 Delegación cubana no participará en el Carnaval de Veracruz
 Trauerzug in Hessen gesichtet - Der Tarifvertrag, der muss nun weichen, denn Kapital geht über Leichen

* * *

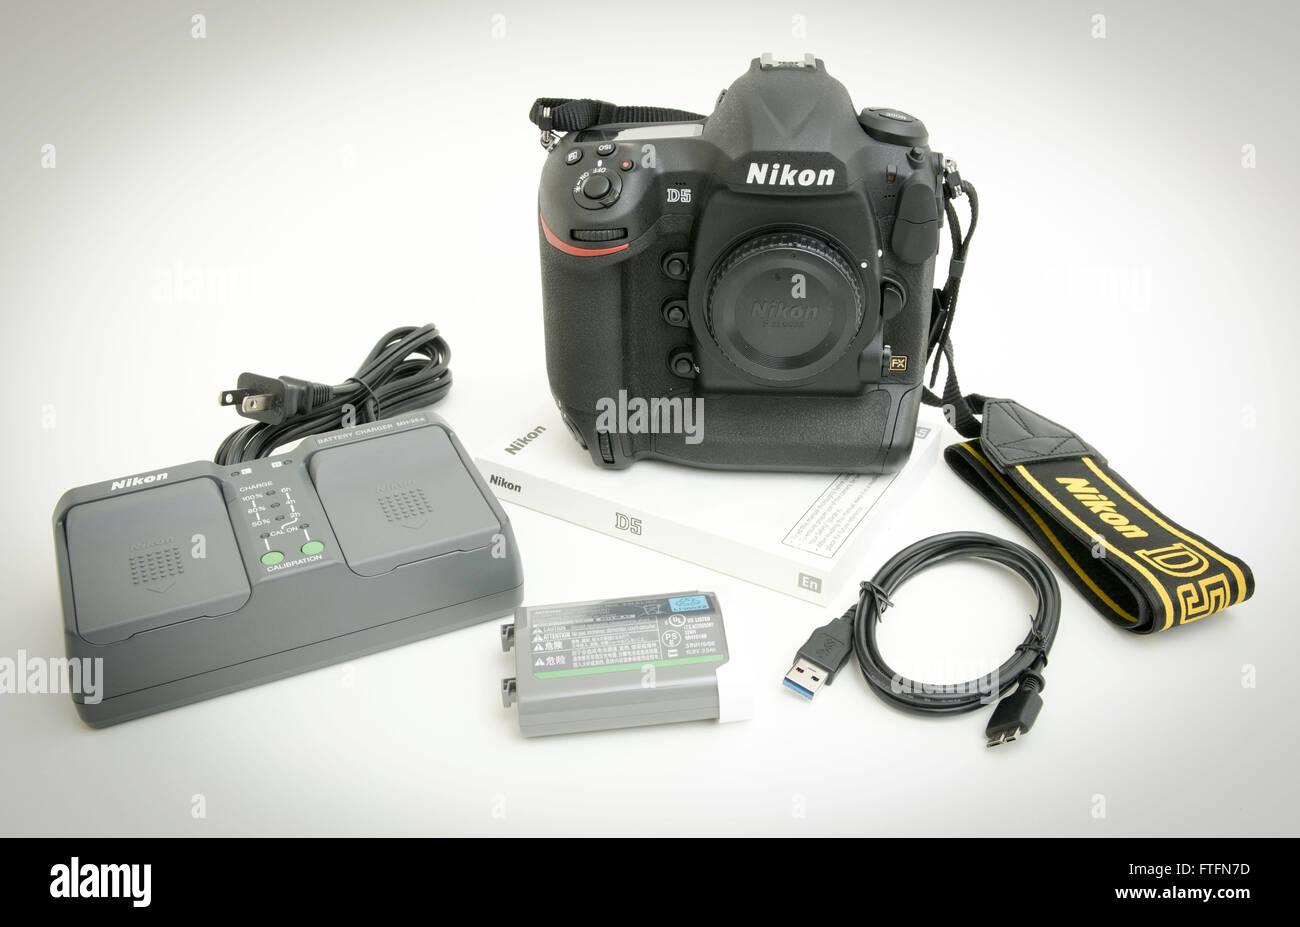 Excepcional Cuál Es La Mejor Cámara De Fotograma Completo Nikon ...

> _Task brief_: Your answer should consist only of the lines above between the line holding "Delegación cubana no" and the line holding "Trauerzug in Hessen", inclusive, each transcribed exactly.

> _Result for this exercise_:
 Delegación cubana no participará en el Carnaval de Veracruz
 Trauerzug in Hessen gesichtet - Der Tarifvertrag, der muss nun weichen, denn Kapital geht über Leichen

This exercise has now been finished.